How NOT to build a software engineering team
Technology is running the show in most industries these days, and financial services is no exception. Sometimes, the finance culture can be at odds with programmers, making it vital to build teams right.
David Tate, a lead engineer at investment solutions fintech Orion, recently channeled his inner Andrew Tate as he wrote about the toxic traits that can stifle productivity in engineers from the foundation upwards. Tate's primary principles for creating a toxic team are:
- Create inconsistent and often unattainable goals, punishing engineers for not achieving them and refusing to praise them when they do. Make sure they believe they aren't Kenough
- Become an absent leader and refuse to be clear about your and the team's direction if you do appear.
- Assert authority to shame others in any case of failure so as to stifle creativity.

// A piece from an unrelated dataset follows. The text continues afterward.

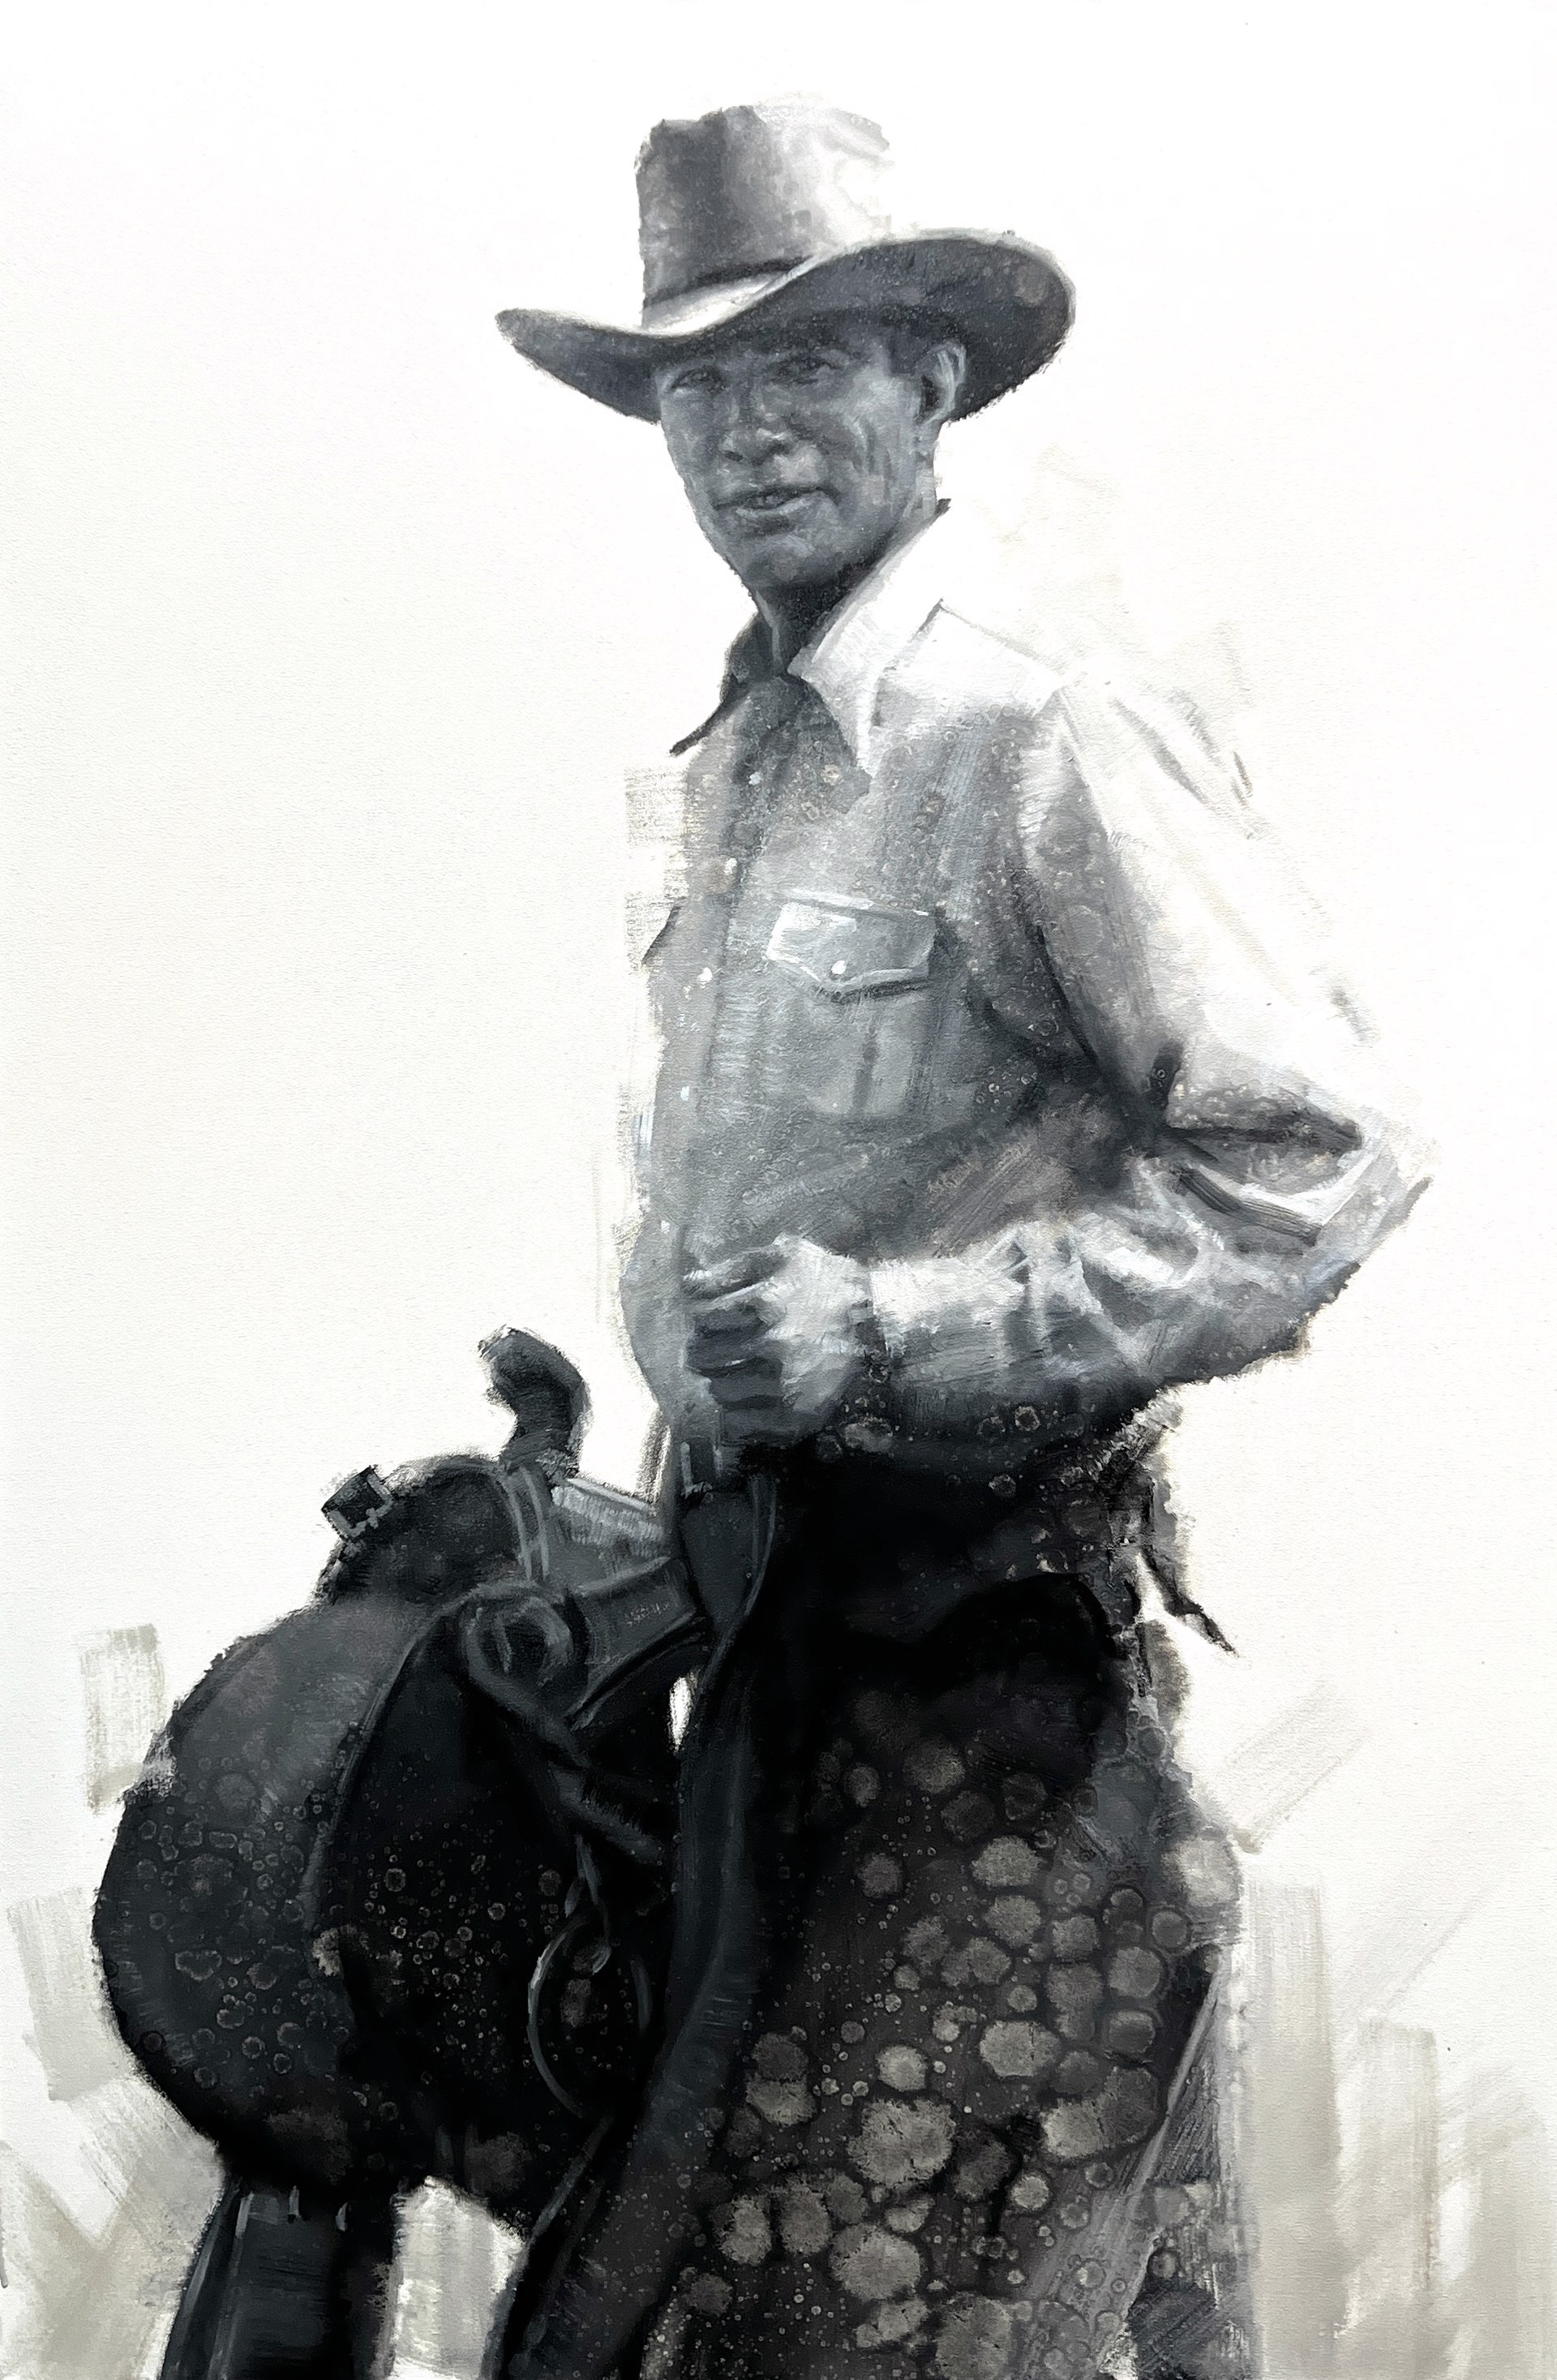 THE CHAMP: EARL THODE by David Frederick Riley

Fellow software engineers also weighed in on what engineering managers do that irks them profusely. One paraphrased Leo Tolstoy's Anna Karenina, saying, “Happy development teams are all alike; every unhappy development team is unhappy in their own unique way.” These are some of the many other ways they can be toxic:
Micromanaging Code
Creating a rigid structure in the code, from the functions used to the number of lines of code, stifles both creativity and productivity.
One engineering manager regaled a story of his director comparing a more productive android engineer and less productive IOS engineer, demanding the latter "write his code exactly like the Android guy, down to function and var names, classes, logic, etc." despite the two workflows operating completely differently.
A point of contention in this regard was daily stand-ups. One engineer said they "focus on the grind to ensure meaningful change can never occur" while another said "both the best and worst teams I worked on as a developer had identical daily stand-ups." While they can be a source of micromanagement, the engineer notes that removing them means a poor manager is "just going to micromanage you though a different medium."
Eliminate Job Security
Having a team where turnover is high will prevent them from forming meaningful relationships and working collaboratively. One engineer advises toxic leaders to "always be in hiring mode, and be vocal about it, so your employees know you're ready to replace them."
One engineer said their most toxic environment was when "the CEO had one product in mind, and then tasked 3 teams with working on a version of the product." While not as prevalent an issue anymore, competing teams was once a common trend in finance, particularly on the buy-side.